This was my first real trip of the year to
work on my trail. I had climbed up a couple of months before on May 1,
but that was mostly to retrieve my tools that I had left at the hut all
winter. On that trip, the snow had still been way too deep to even think
of working on the trail.
Anyway, this time I was staying at the hut for
two nights so I would be able to get in two days of work on my trail. It
was the 4th of July weekend, and I was going to return home on July 2 in
time to spend most of it with my family.
On the first day, I sawed my way through ten
or twelve blowdowns and did a lot of brushing. The trail was in awful
shape after a hard winter with heavy snows.
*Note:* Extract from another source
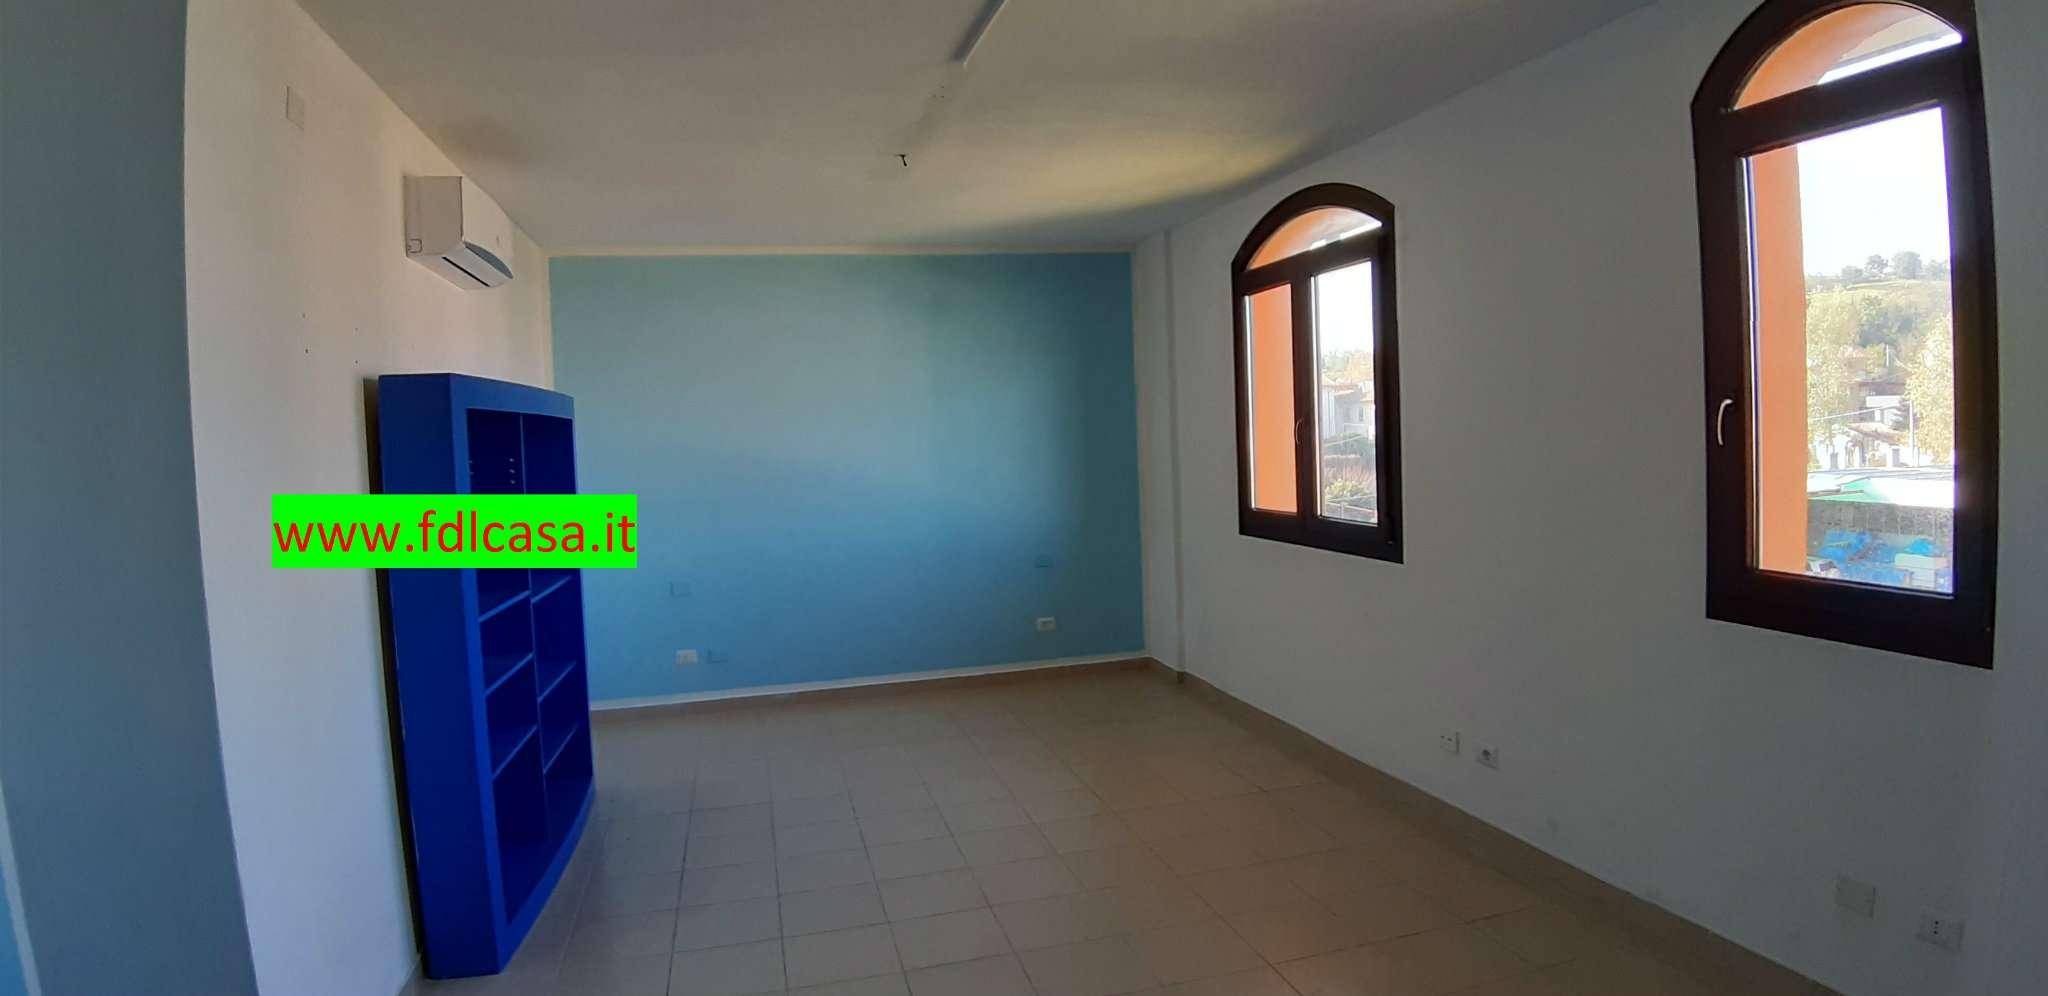 Ufficio / Studio in vendita a San Miniato, 4 locali, prezzo € 600   PortaleAgenzieImmobiliari.it

Many smaller firs and
spruces were bent completely over into the trail and had to be cut down.
After a long day's work, the usual hearty meal at the hut and my warm
sleeping bag were a welcome sight.
During the night, a heavy rain began to fall
and, naturally, was still falling in the morning. To say the least, I
was not in a hurry to get out on the trail, so after breakfast, I waited
around on my bunk for a while to see whether it might let up. It didn't.
I finally resolved that I couldn't afford to let the rain stop me from
getting some work done, so I put on my rain paints and jacket, and
headed back down the slippery trail with my trusty tools in hand.
I was able to cut down a few more blowdowns, a
couple of which were particularly tough with my small bow saw, and do a
bit more brushing, but by the time I got down to just below 3100 feet,
after less than four hours out on the trail, I had totally and
completely had it. Water bubbled up out of my Goretex boots with each
step, and every stitch of clothing I had on were little more than
sopping sponges. I have to hand it to my rain pants though; like
sandwich baggies, they did a great job of sealing the moisture inside.
I'm sure that I was actually more waterlogged than the trees I was
I slogged and sloshed my way back to the hut
around two o'clock, little by little peeled off the sticky wet clothing
that was glued to my skin, changed into dry things, and hung or spread
out all my sodden stuff as best as I could, knowing full well that none
of it would be even remotely dry by the morning. I then crawled into my
sleeping bag to rest for the remaining hours of the afternoon.
The next morning dawned clear and dry. A front
had passed by during the night and brought with it cooler and windier
weather. After breakfast, I stowed my tools in the hut's basement,
crammed my still soggy things into the bottom of my pack, and hoped that
my dry socks would somewhat protect my feet from my squishy boots.
My plan for the day was to climb Mt Pierce,
head up the Crawford Path, ascend Mt Eisenhower, and then make my way
back to my car at the Highland Center on the Edmands Path and Mt Clinton
At the summit of Mt Pierce, I got a taste of
just how cold and windy it was going to be up on the ridge. The
temperature had dropped to just below freezing. I zipped my jacket all
of the way to my neck and cinched the hood tight around my face. Still,
it was a beautiful day with no higher clouds to obscure the bright
gibbous moon in the southwest skies.